FIG. 1 is a diagram showing an optical system of a first embodiment of an optical head device according to the present invention.

2A is a diagram showing a light intensity distribution on an information recording medium, and FIGS. 2B and 2C are diagrams showing light intensity distributions obtained by extracting only side lobes and forming an image on a photodetector. ,
(B) is based on the conventional example, and (c) is based on the present invention.

FIG. 3 is a diagram showing an optical system of a second embodiment of the optical head device according to the present invention.

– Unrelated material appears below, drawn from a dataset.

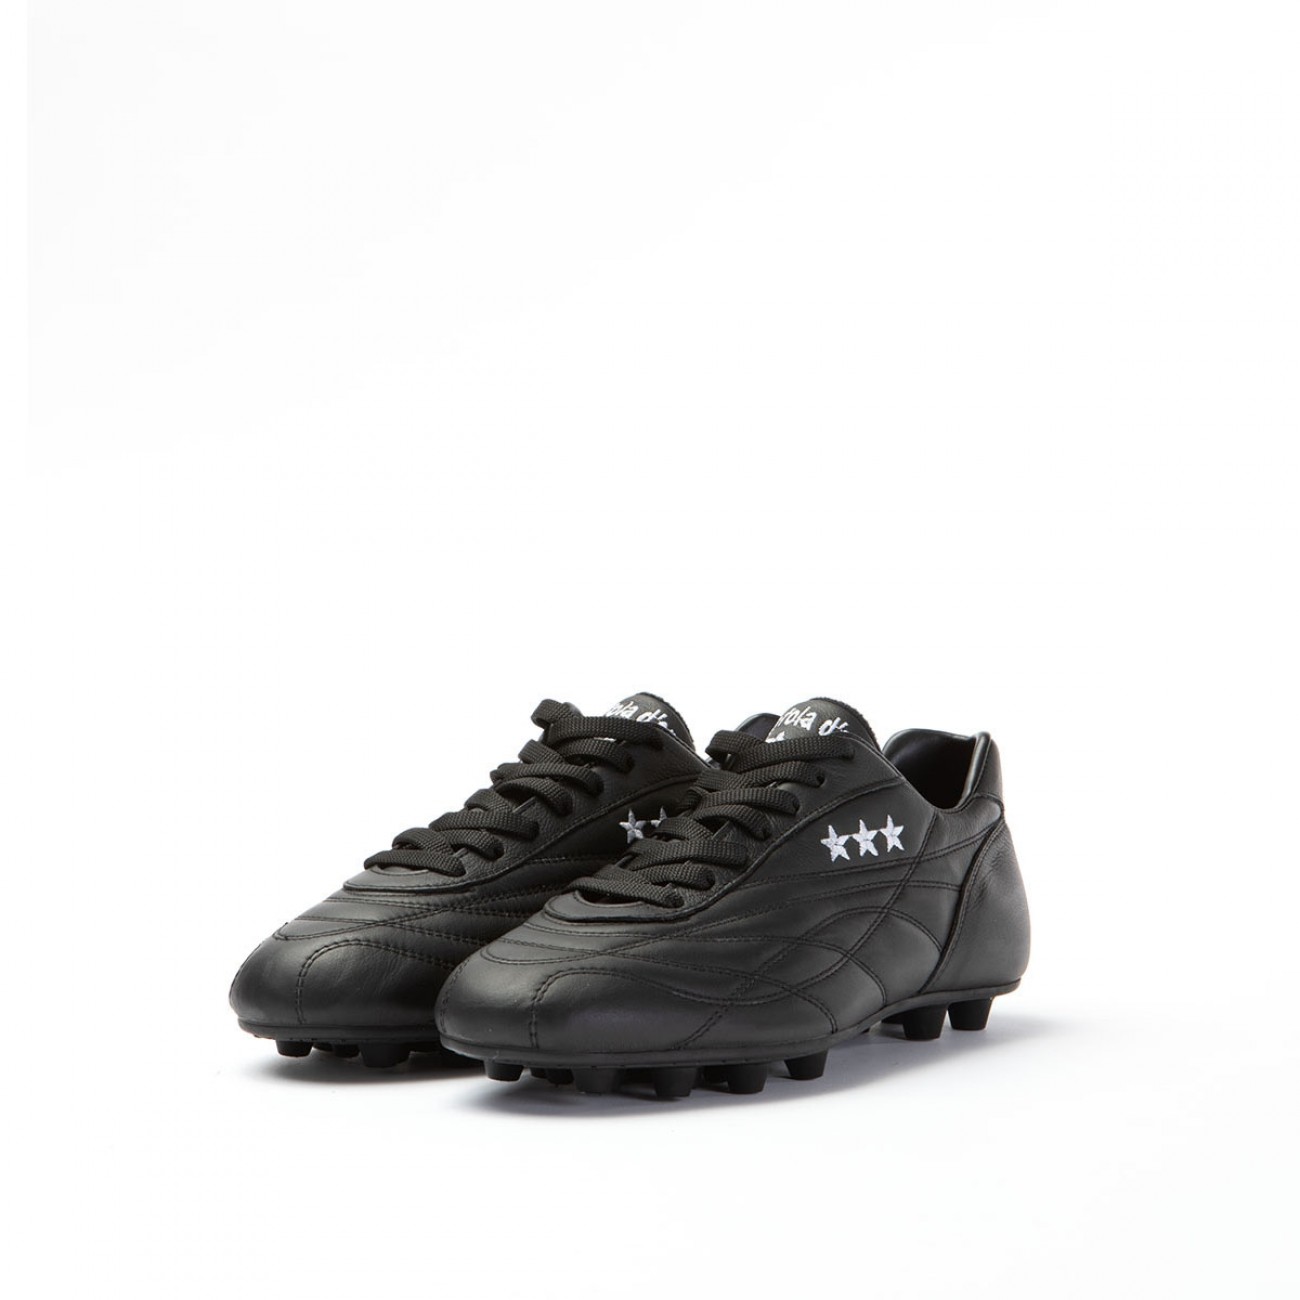 retro soccer boots

FIG. 4 is a diagram showing an optical system of a third embodiment of the optical head device according to the present invention.

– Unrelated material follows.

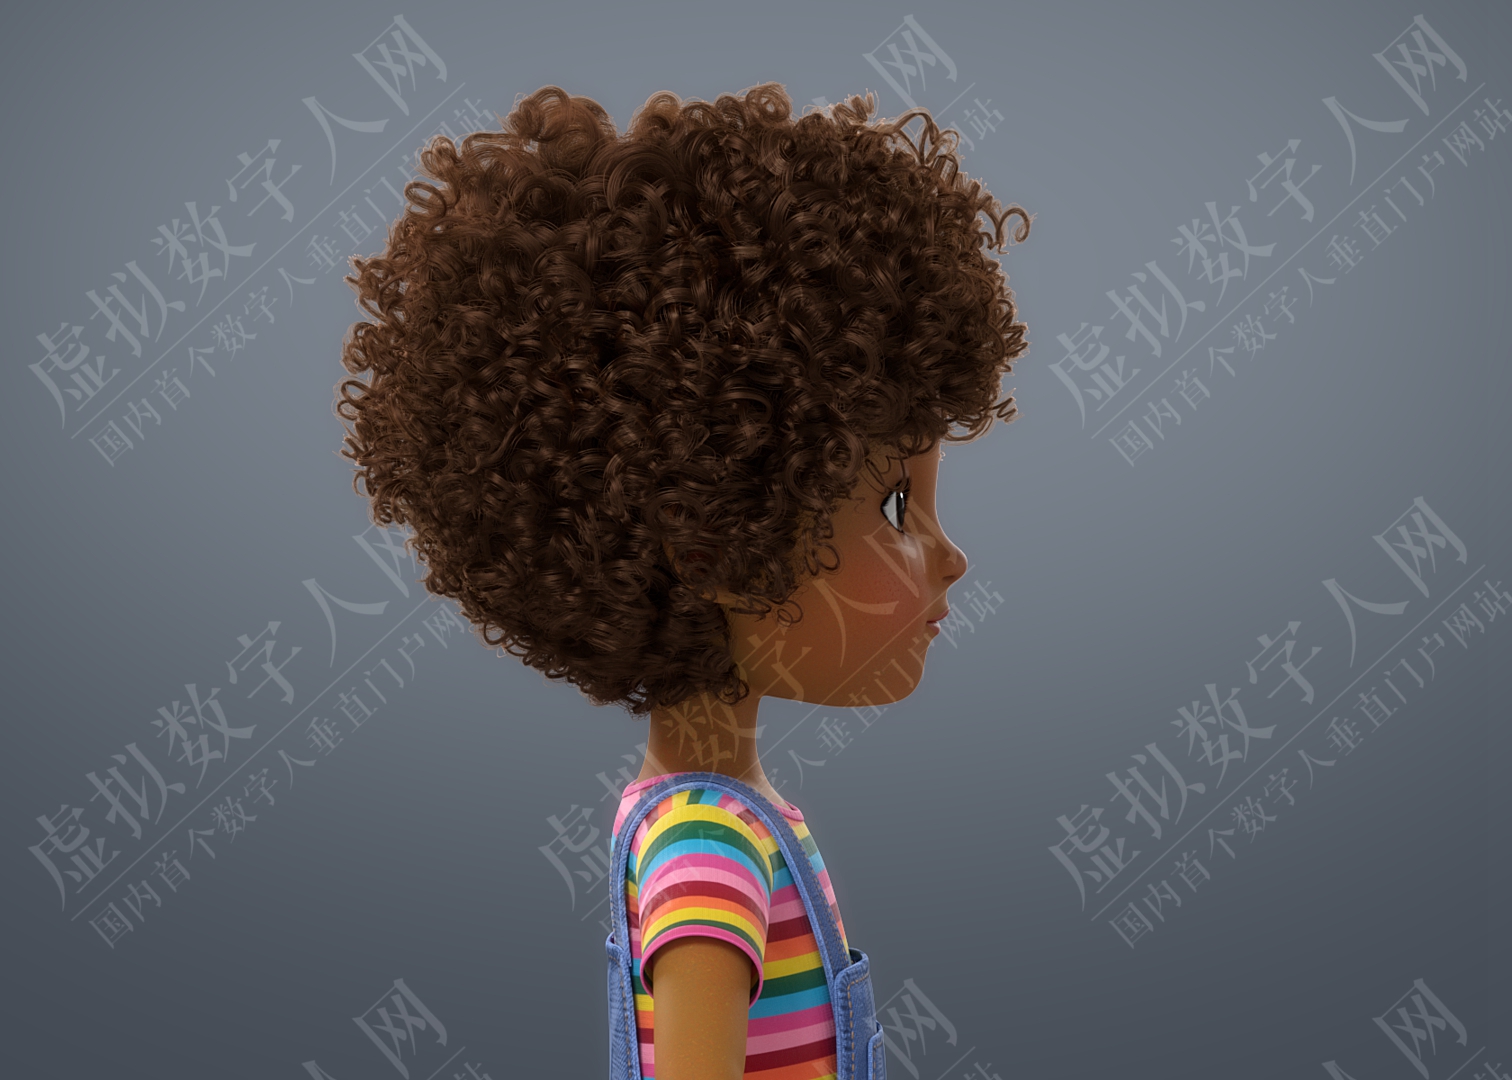 卡通黑人女孩操纵3D数字人模型

FIG. 5 is a diagram showing an optical system of a fourth embodiment of the optical head device according to the present invention.

6A and 6B are diagrams for explaining a super-resolution effect, and FIG.
Is a diagram showing the positional relationship between the super-resolution filter and the light beam,
(B) is a diagram showing the light intensity distribution, and (c) is a diagram showing the light intensity distribution on the information recording medium.

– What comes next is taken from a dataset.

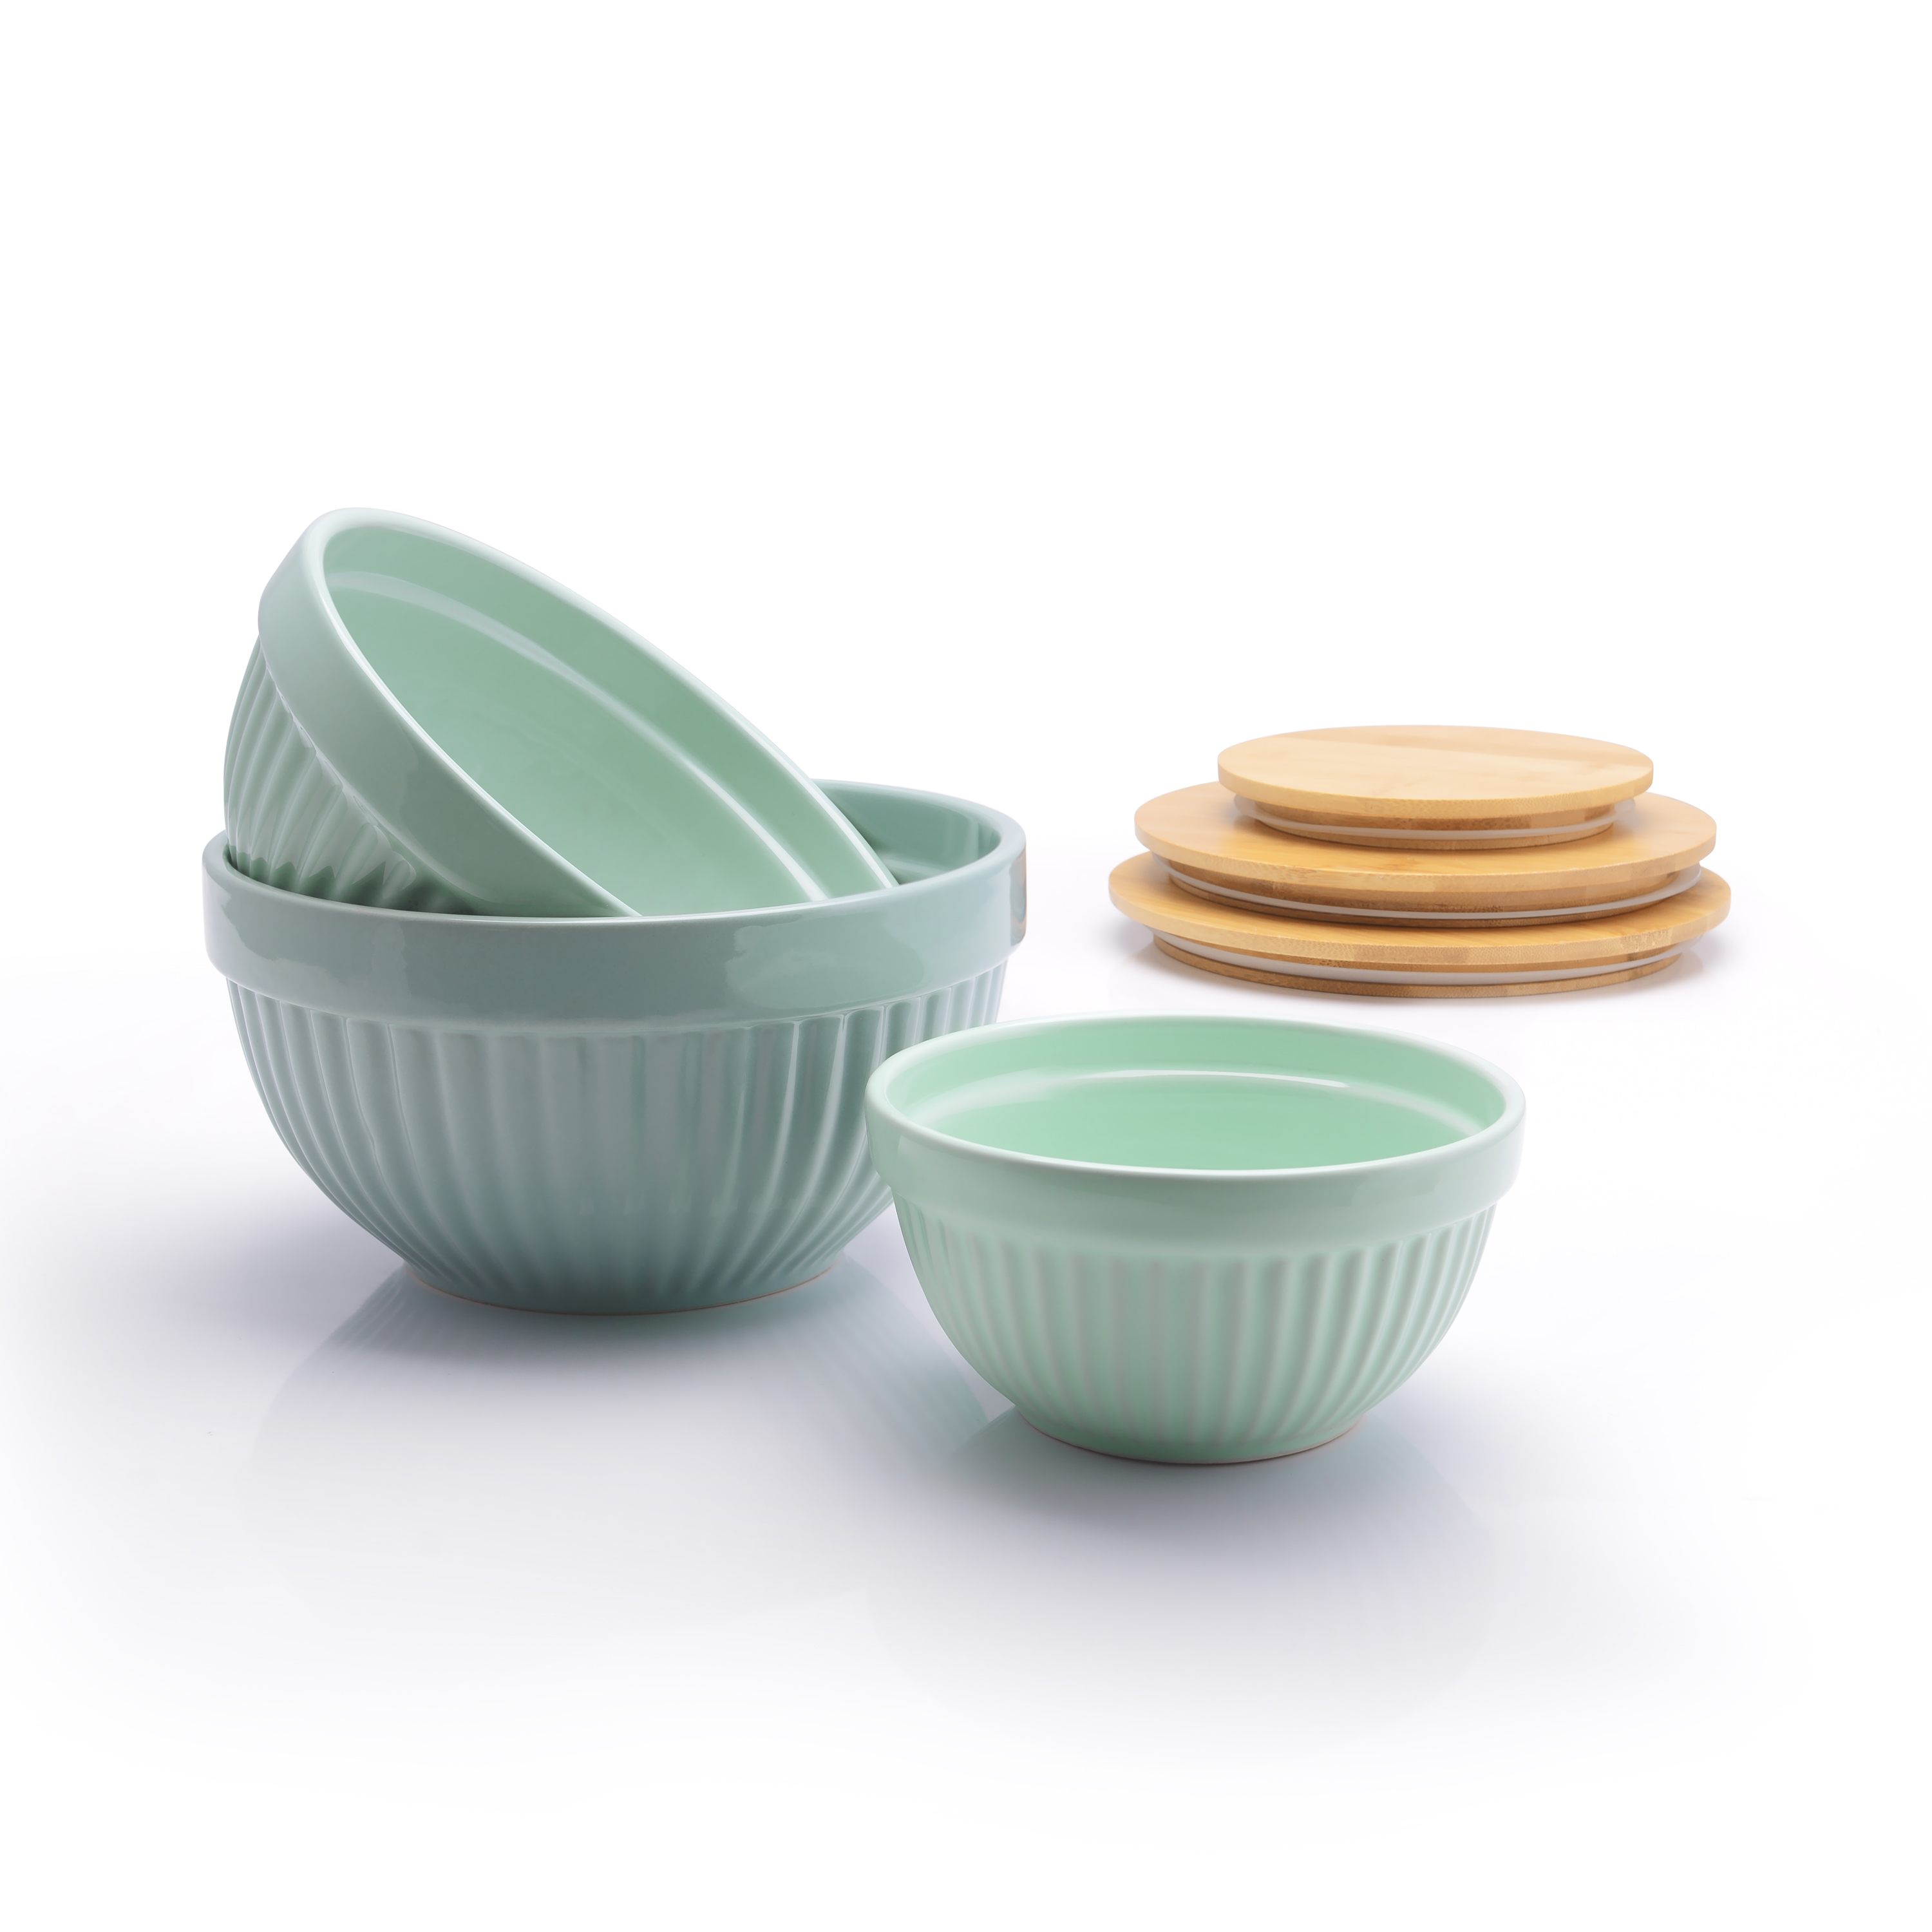 Better Homes & Gardens 3 Piece Ceramic Mixing Bowl Set, Aqua - image 4 of 8

7A and 7B are diagrams for explaining a conventional super-resolution optical head device, wherein FIG. 7A is a diagram illustrating an optical system thereof, and FIG. 7B is a diagram illustrating a light intensity distribution on a photodetector.

FIG. 8 is a diagram showing a three-division photodetector used in a conventional super-resolution optical head device.

[Explanation of symbols]

 Reference Signs List 1 light source 2 collimating lens 3, 21 super-resolution filter 4a, 4b, 6, 18a, 18b objective lens 5, 17 beam splitter 7 information recording medium 8, 11, 12 re-focusing lens 9 pinhole 10, 14 photodetector Reference Signs List 15 attenuator 16 differential amplifier 22 light beam 23 normal beam profile 24 beam profile of super-resolution spot 26, 41 main lobe 25, 42 side lobe 40 three-segment photodetector

Claims (5)

(57) [Claims] A light source; a super-resolution generating means for generating a super-resolution spot on the information recording medium; and a light condensing means for condensing light passing through the super-resolution generating means on the information recording medium. An optical system, a light receiving optical system for receiving light transmitted through the information recording medium, a lens for re-imaging light from the light receiving optical system, and detecting a central portion of the light re-imaged by the lens An optical head device comprising light detecting means, wherein a numerical aperture of the light receiving optical system is larger than a numerical aperture of the light collecting optical system. 2. The optical head device according to claim 1, wherein said light receiving optical system comprises a light receiving objective lens. 3. A beam splitter for reflecting a side lobe component reflected from the light detecting means, a correction light detecting means for condensing and receiving light from the beam splitter, and the light detecting means. 3. The optical head device according to claim 1, further comprising a differential amplifier for obtaining a difference signal between the signals from the correction light detection means. 4. The optical head device according to claim 1, wherein said light detecting means is a three-division light detector. 5. The optical head device according to claim 1, wherein an infinite system lens and / or a finite system lens is used as the lens of the condensing optical system and / or the light receiving optical system.